++++ AVAILABLE DATA ++++

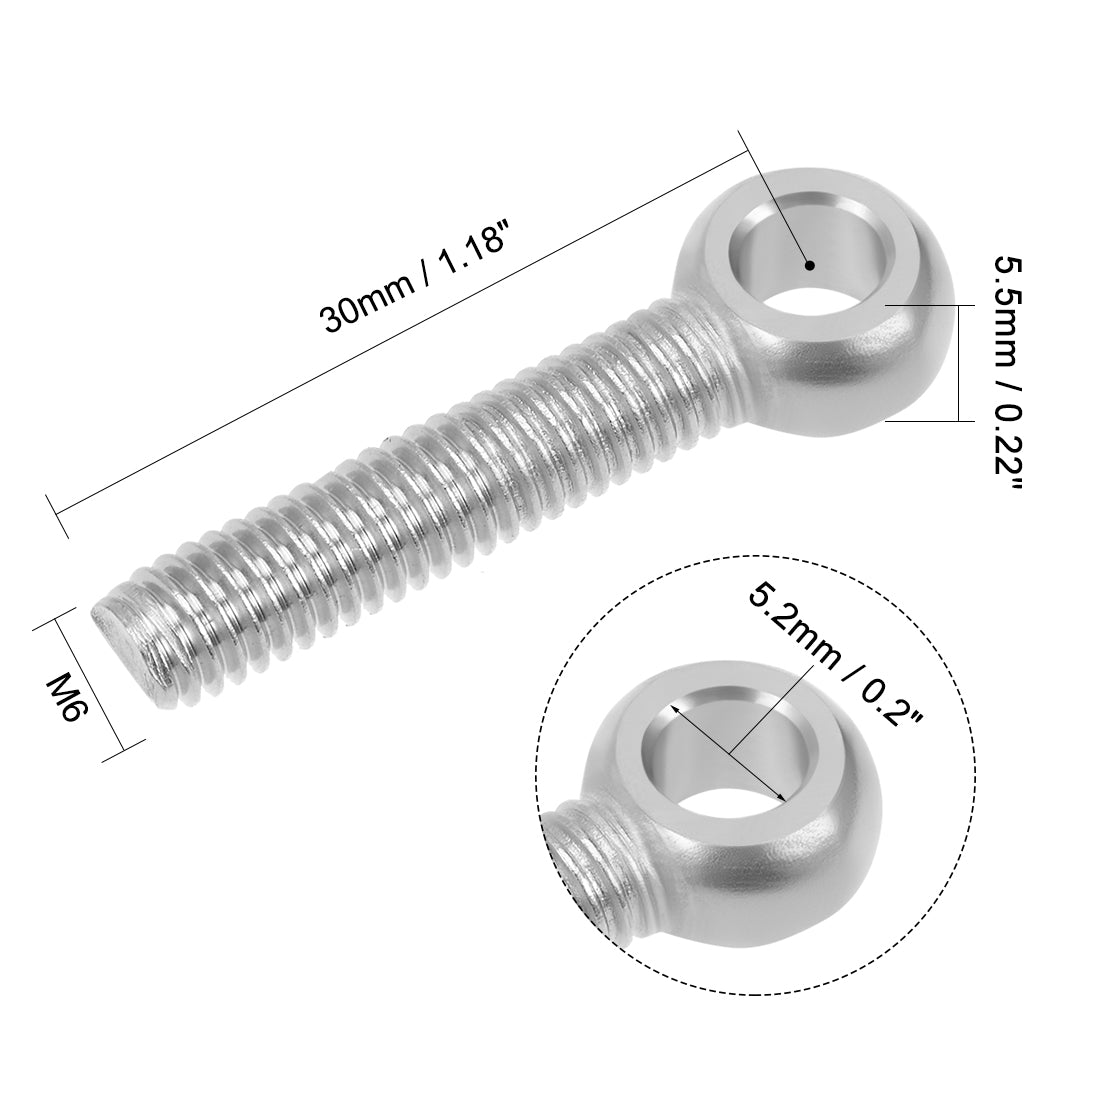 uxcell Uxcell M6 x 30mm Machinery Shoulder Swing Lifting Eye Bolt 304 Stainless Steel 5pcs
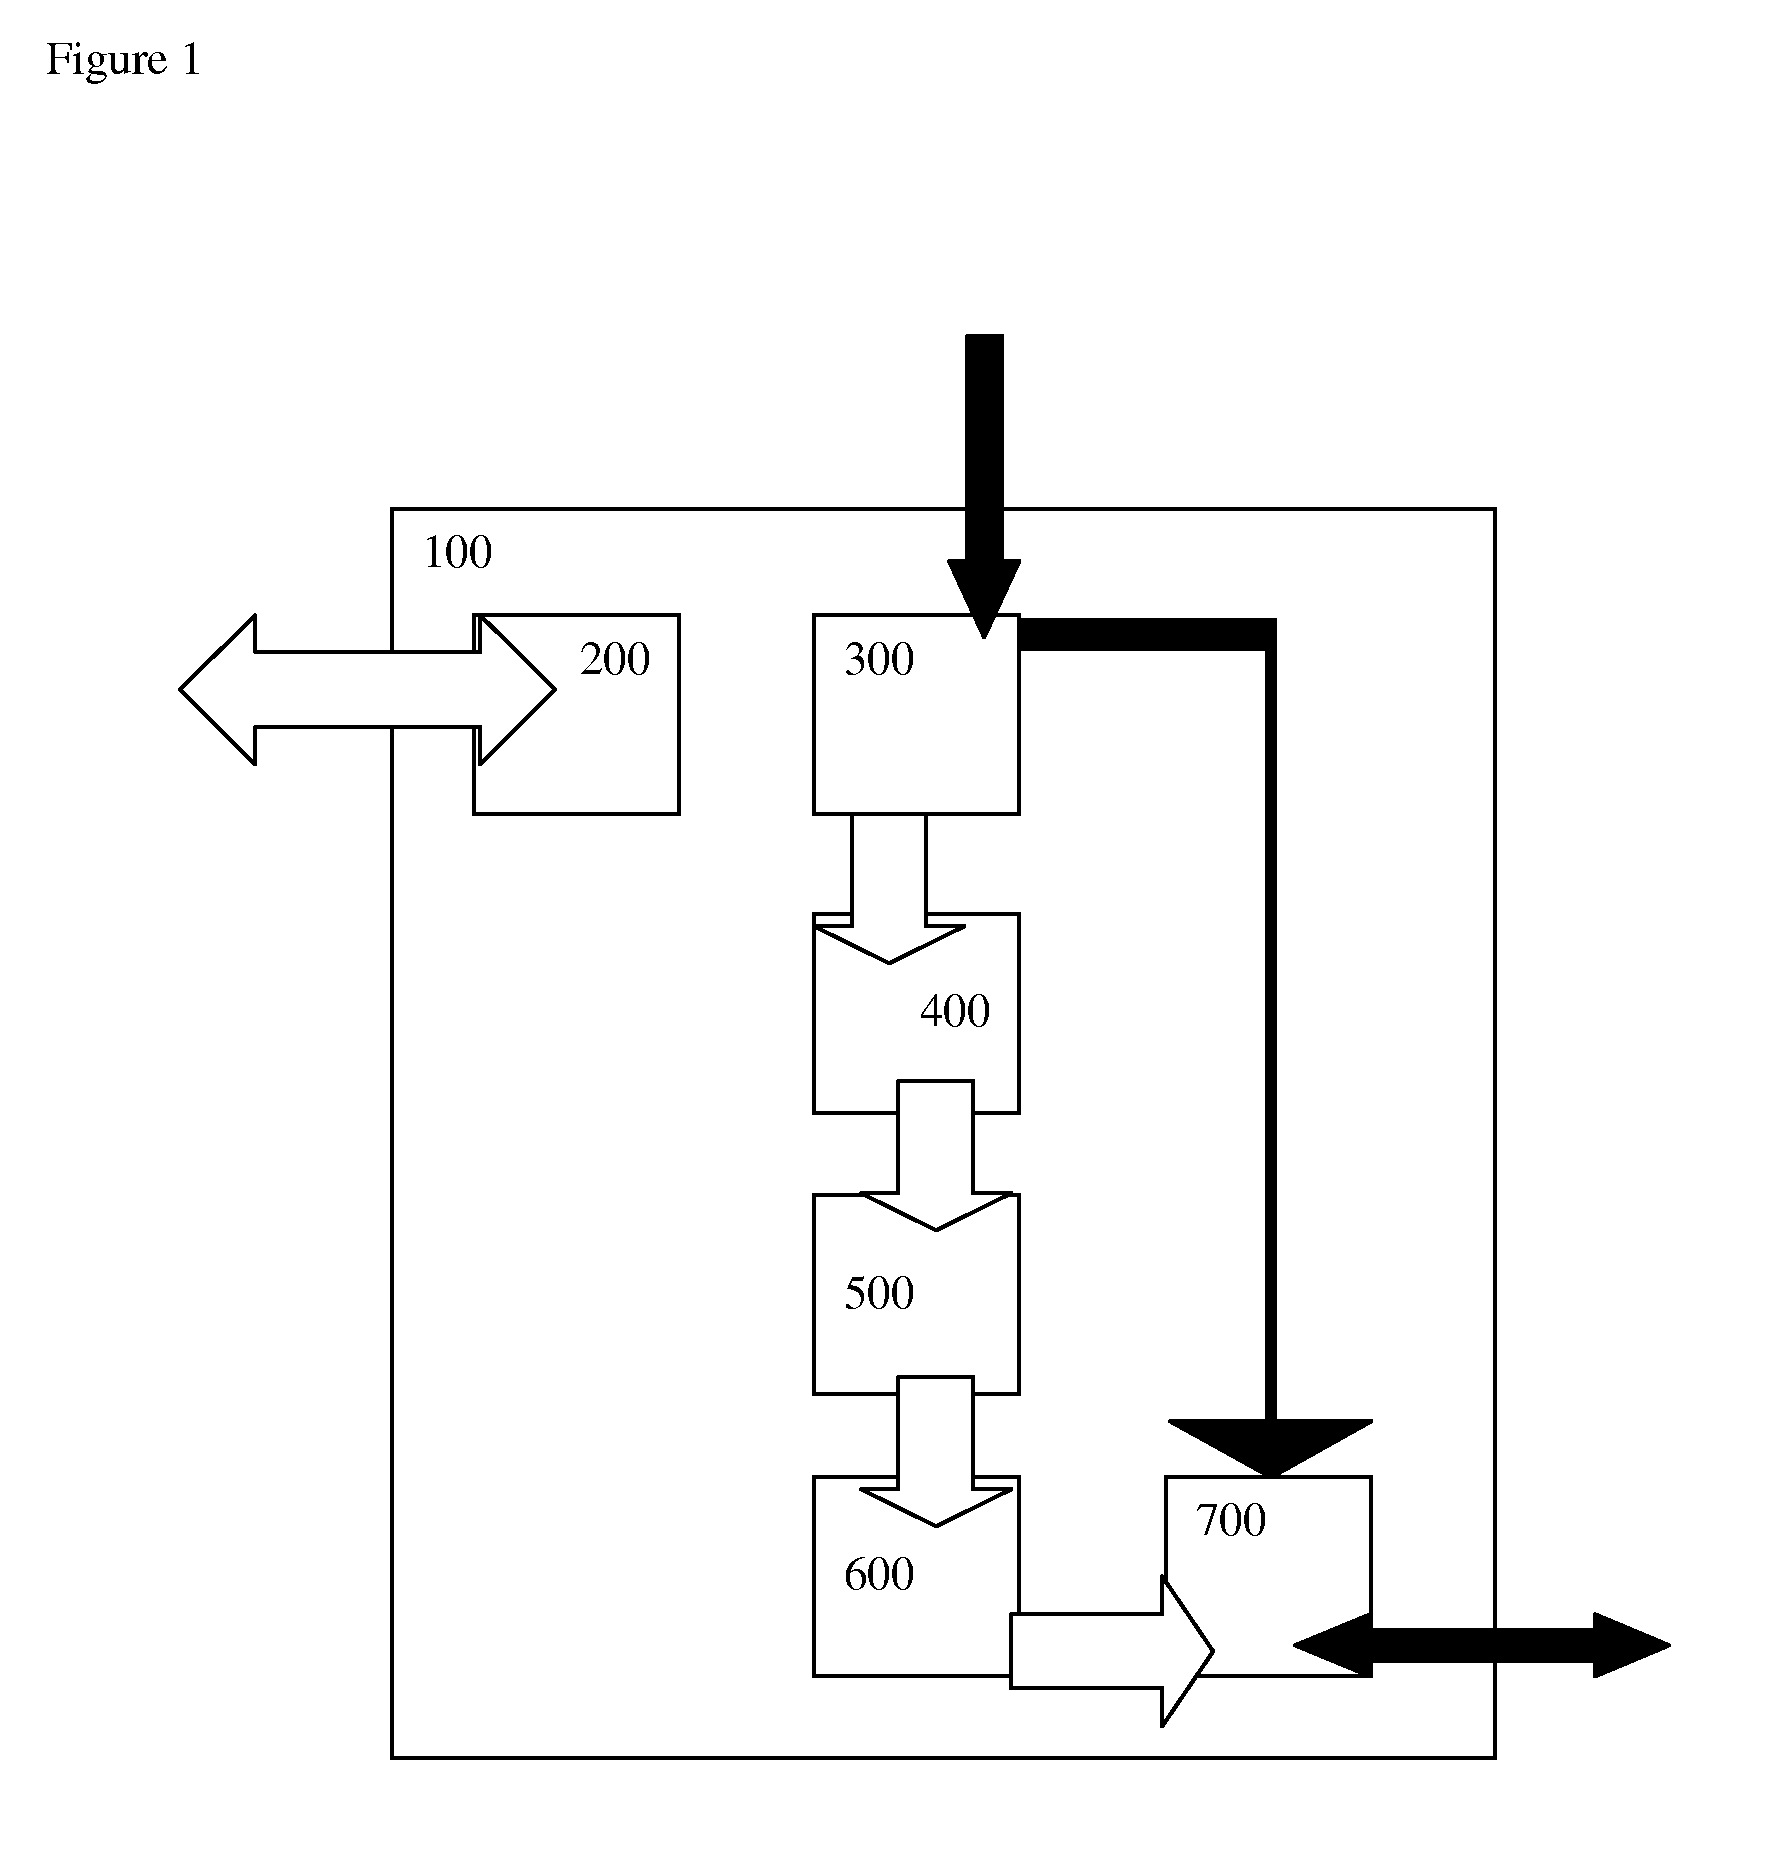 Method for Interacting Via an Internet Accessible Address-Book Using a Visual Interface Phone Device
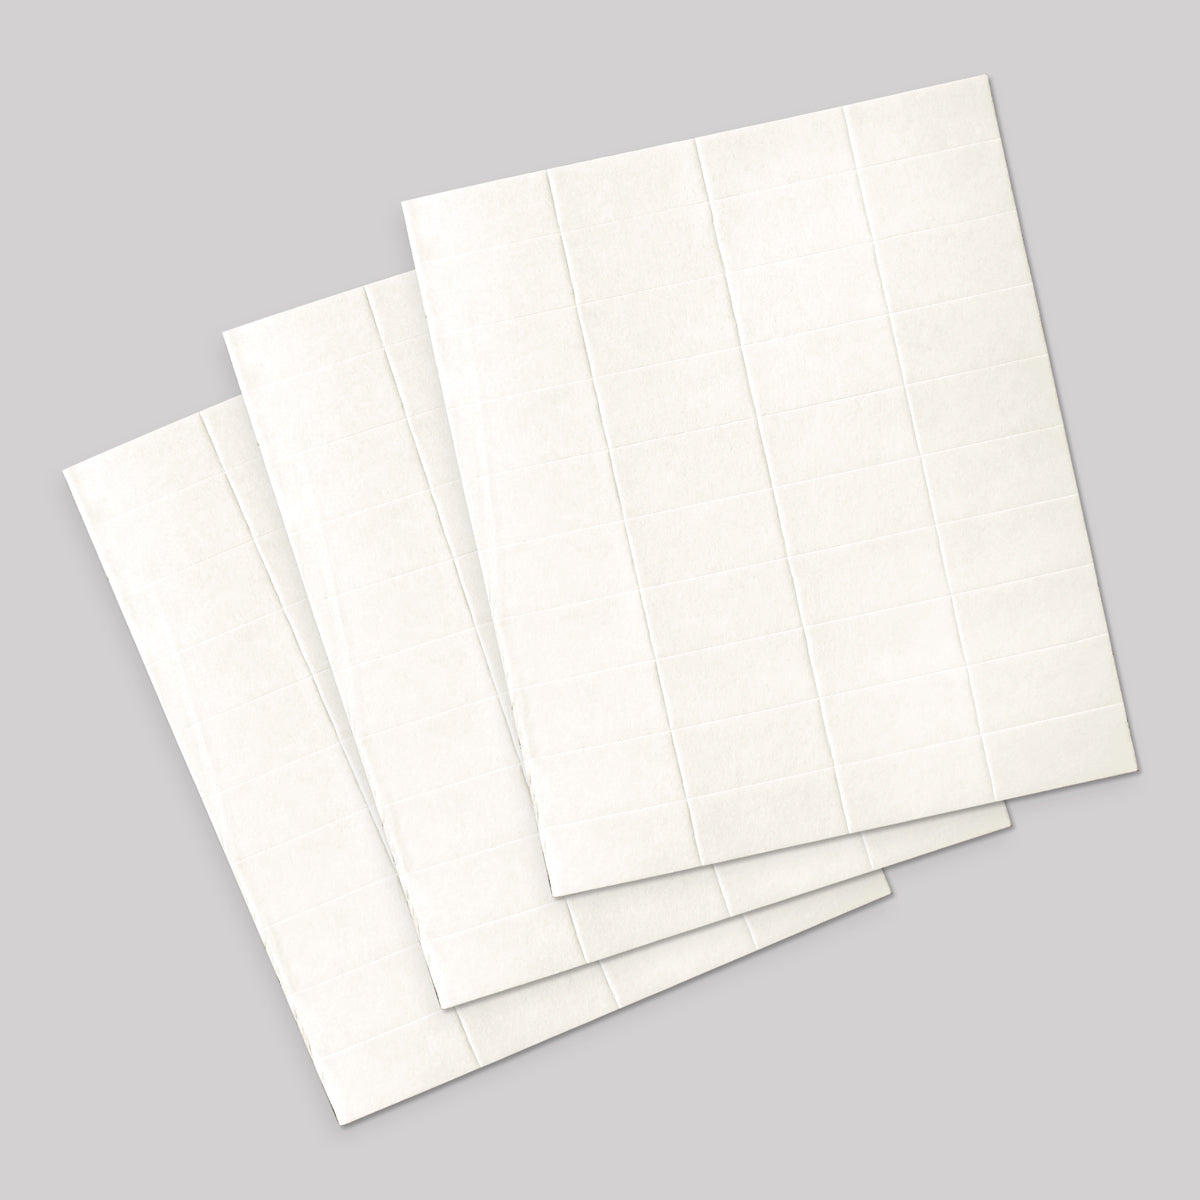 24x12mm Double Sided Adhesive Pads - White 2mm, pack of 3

++++

Quote the preceding listing precisely and completely, omitting its images.

COMPLETED TASK:
 uxcell Uxcell M6 x 30mm Machinery Shoulder Swing Lifting Eye Bolt 304 Stainless Steel 5pcs
 Method for Interacting Via an Internet Accessible Address-Book Using a Visual Interface Phone Device
 24x12mm Double Sided Adhesive Pads - White 2mm, pack of 3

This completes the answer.